**Activity**
Restate the full listing word for word and leave the pictures out.

**Data segment**
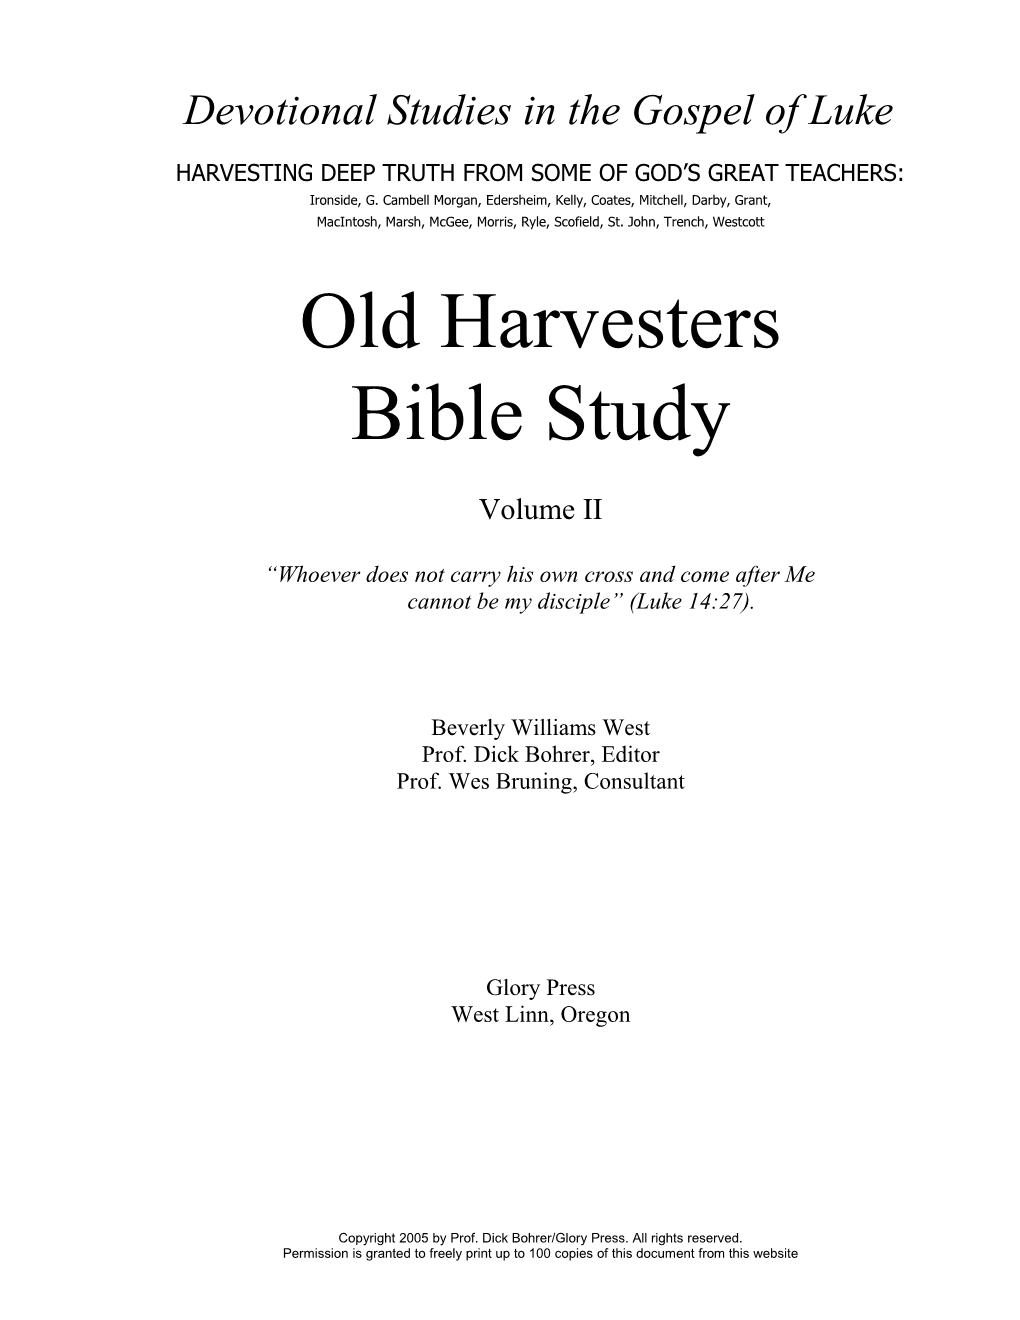 Harvesters Bible Study; Luke Vol II
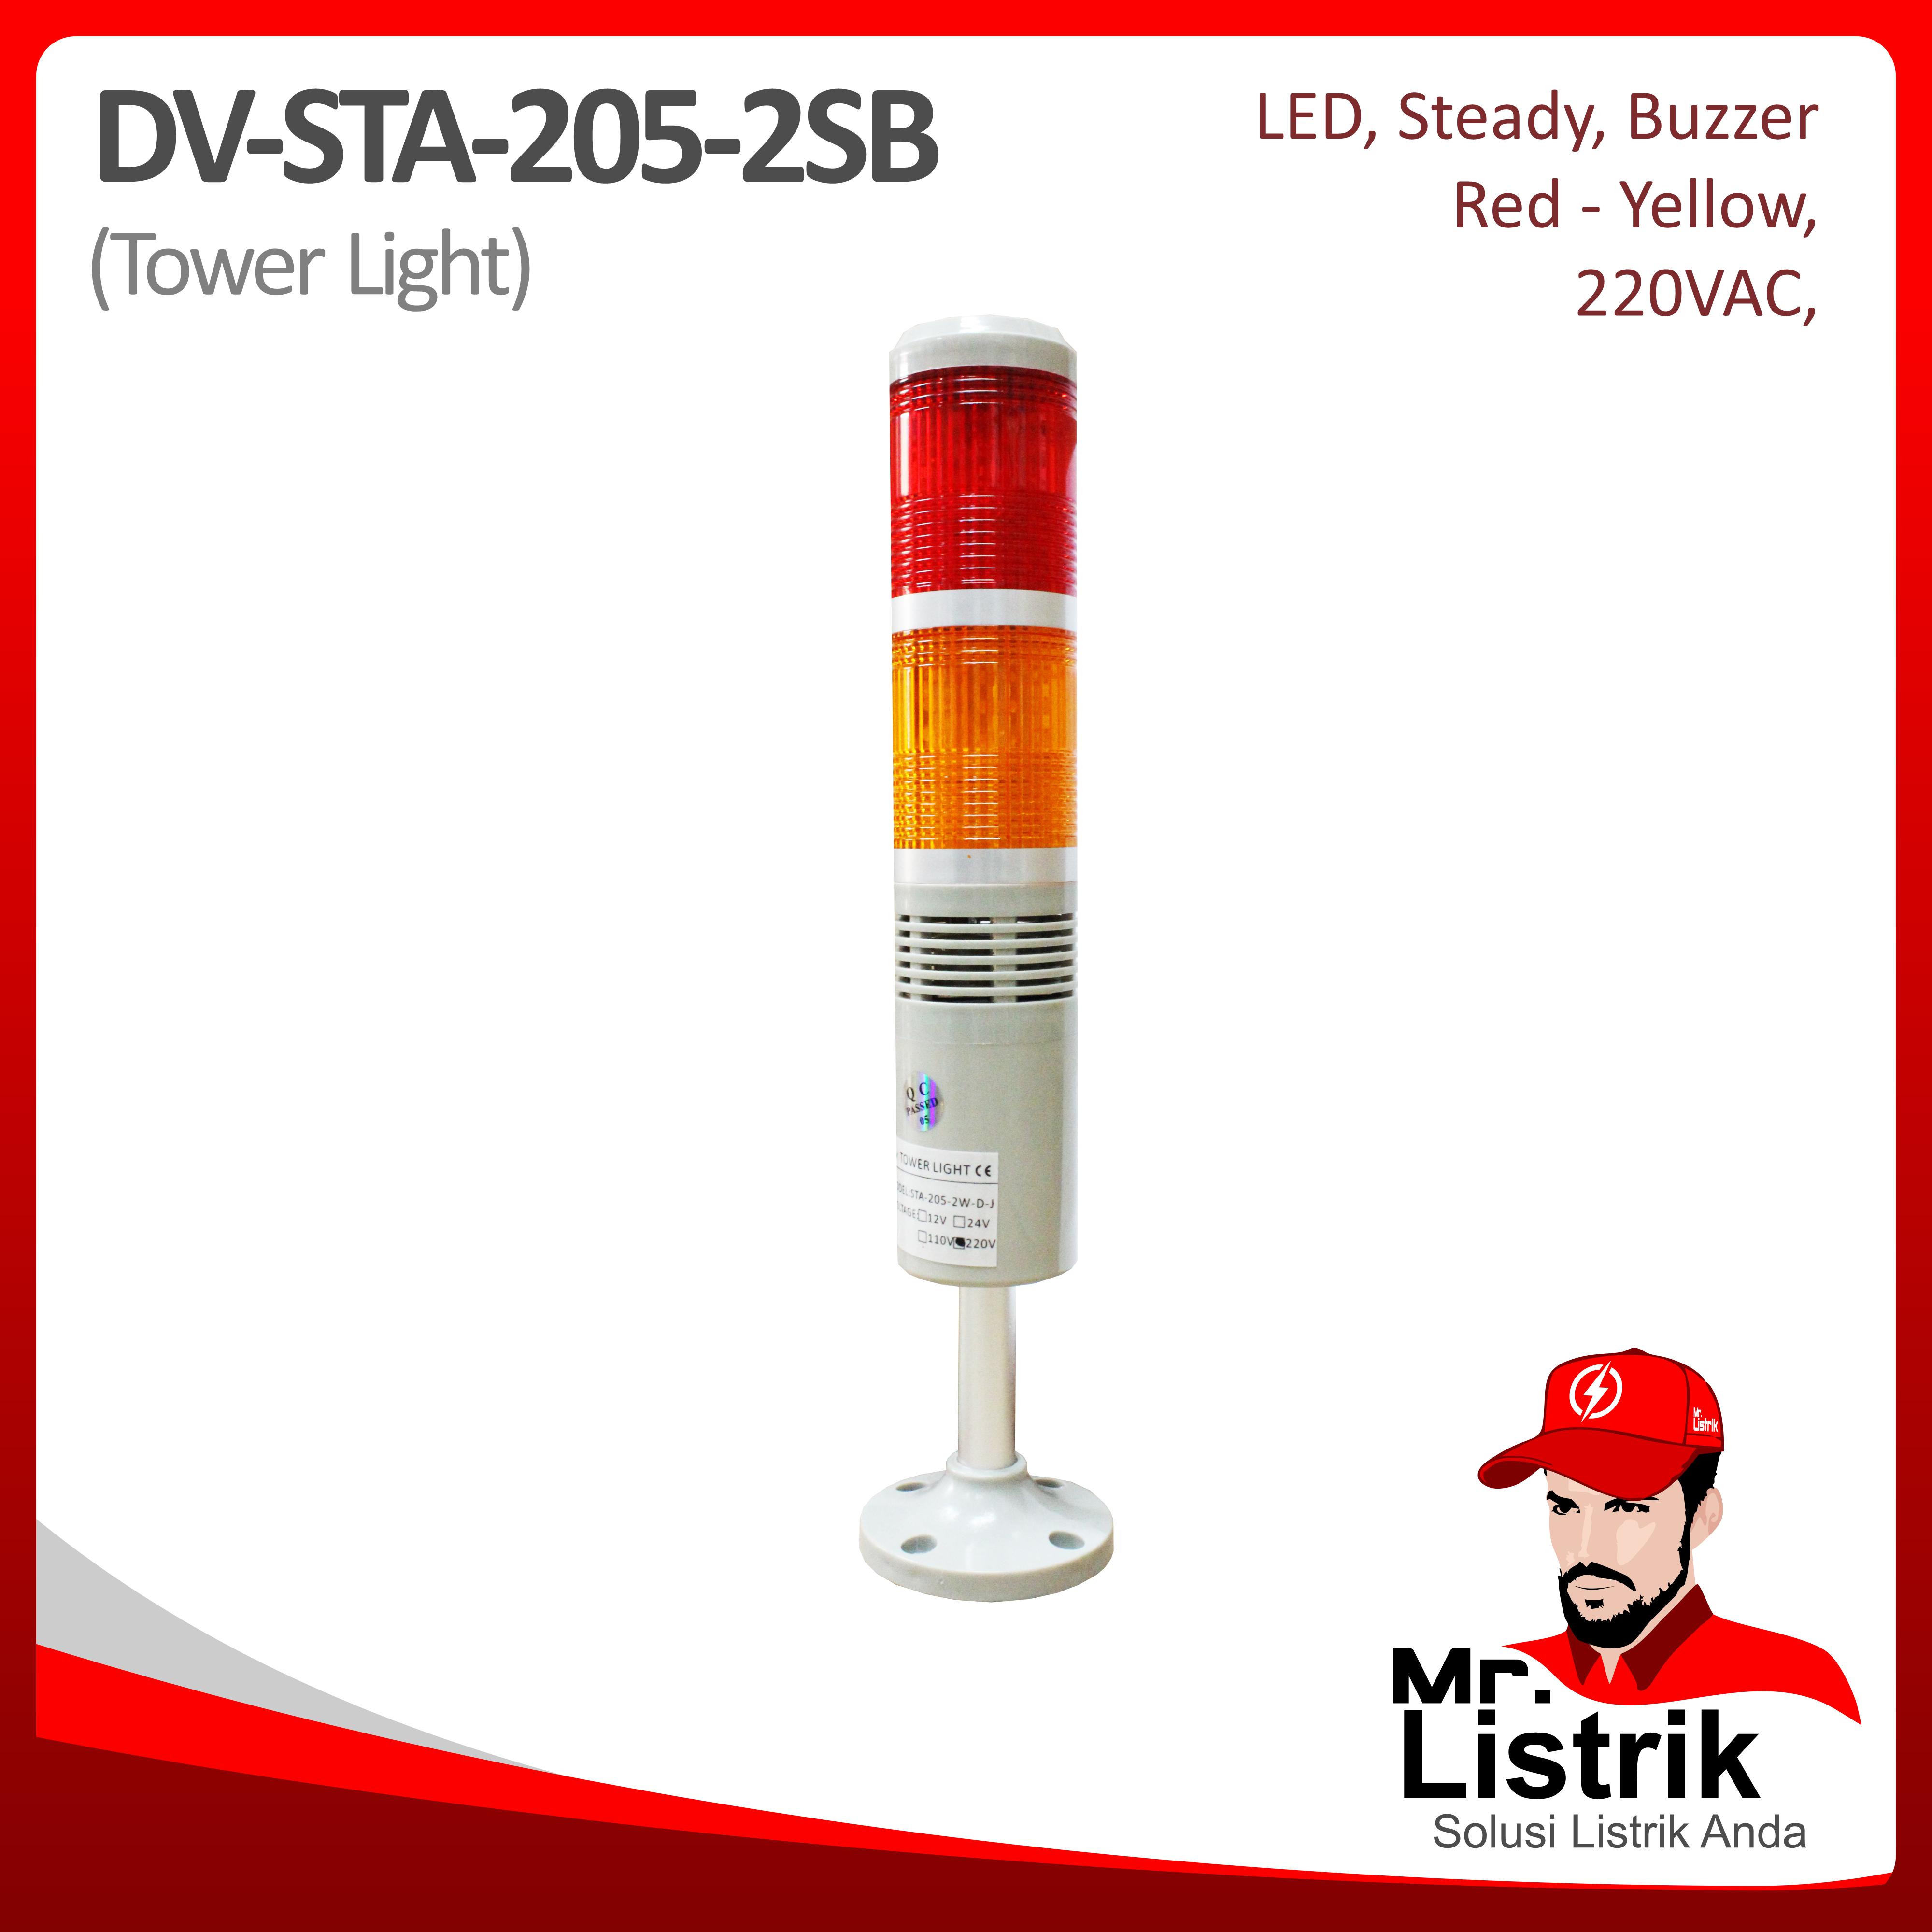 Tower Light LED Steady Buzzer Red+Yellow DV STA-205-2SB
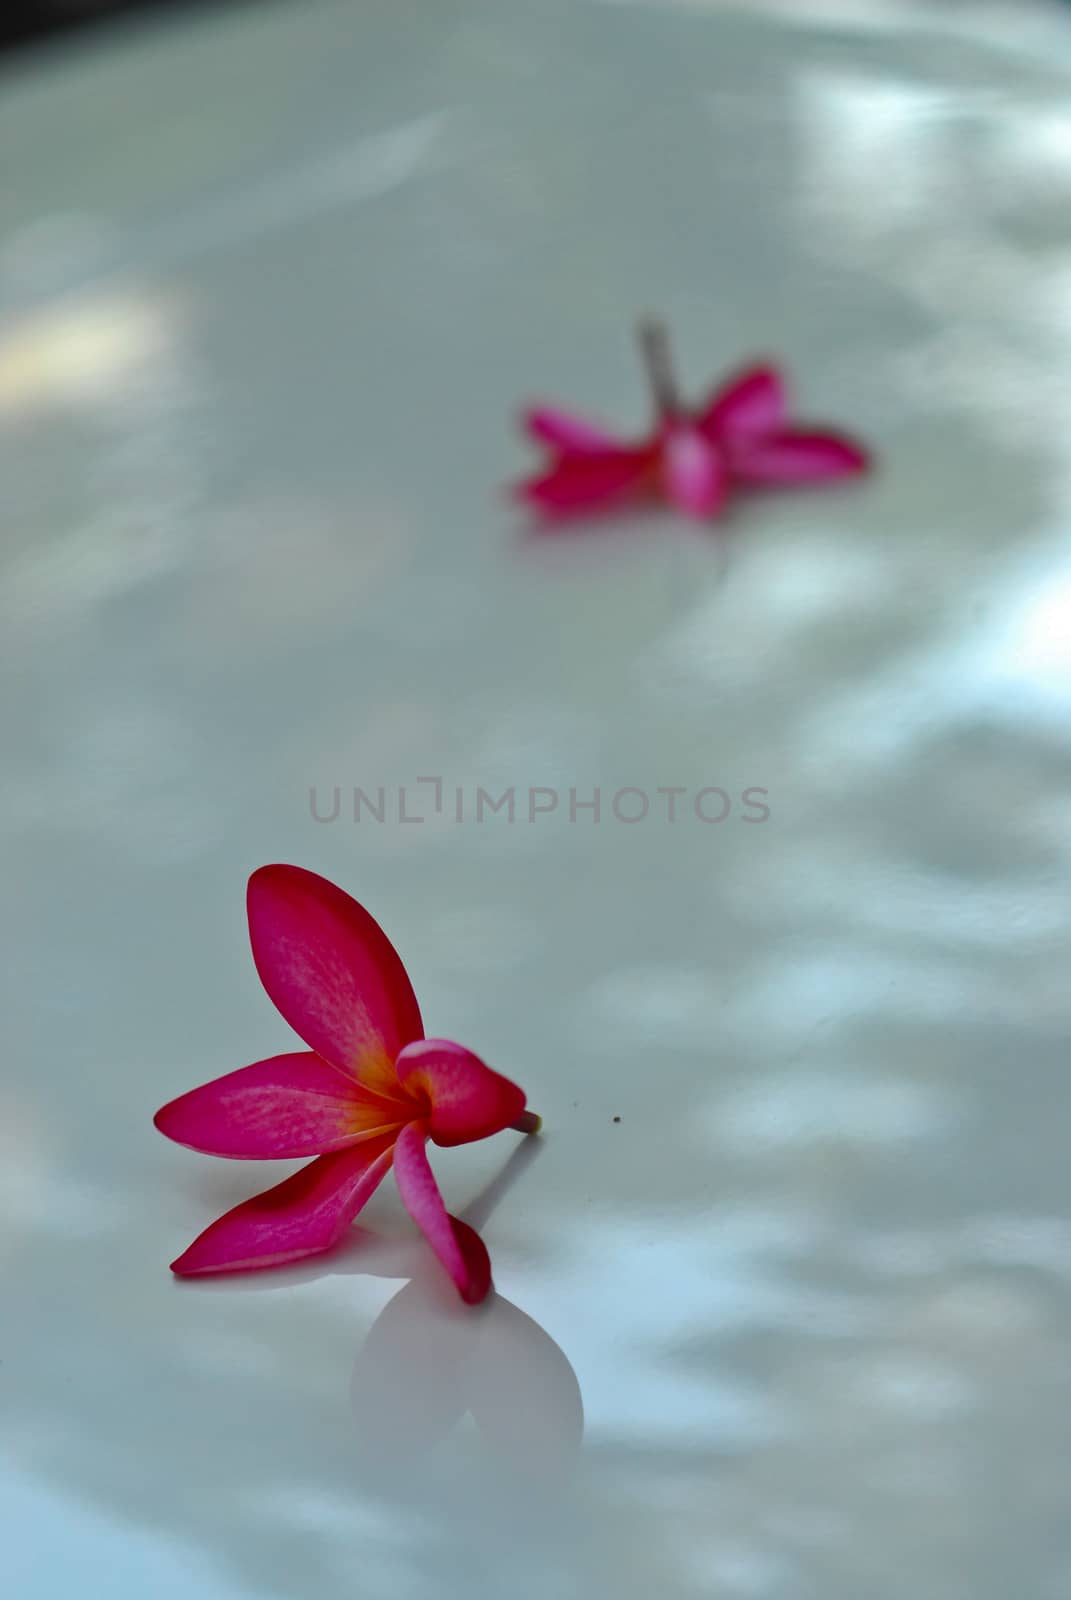 pink binonia flower on radiator bonnet by yotananchankheaw
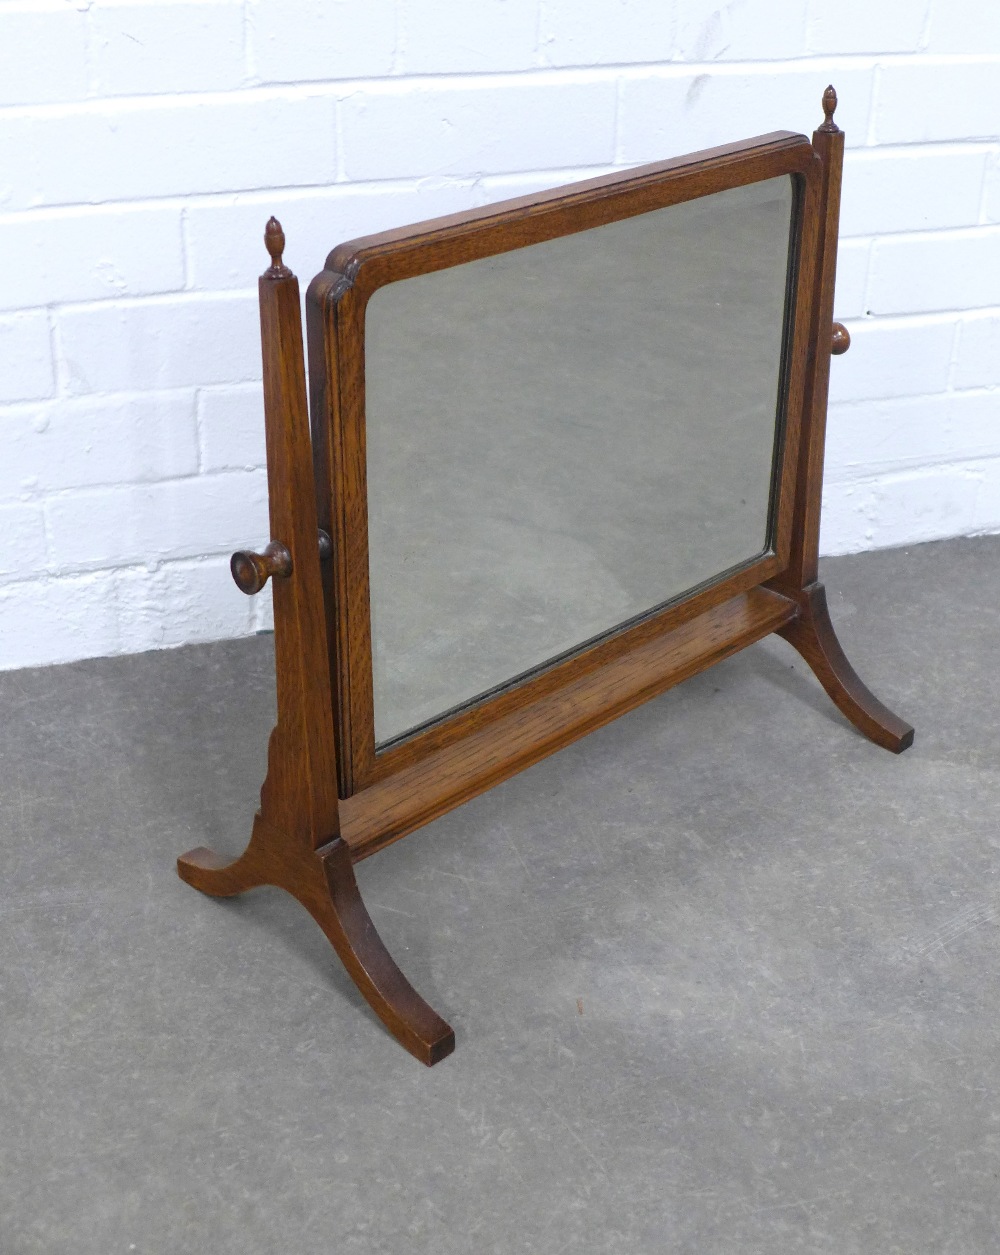 Oak dressing table mirror, 56 x 44cm. - Image 2 of 2

**Task answer**
 Harvesters Bible Study; Luke Vol II
 Tower Light LED Steady Buzzer Red+Yellow DV STA-205-2SB
 pink binonia flower on radiator bonnet by yotananchankheaw
 Oak dressing table mirror, 56 x 44cm. - Image 2 of 2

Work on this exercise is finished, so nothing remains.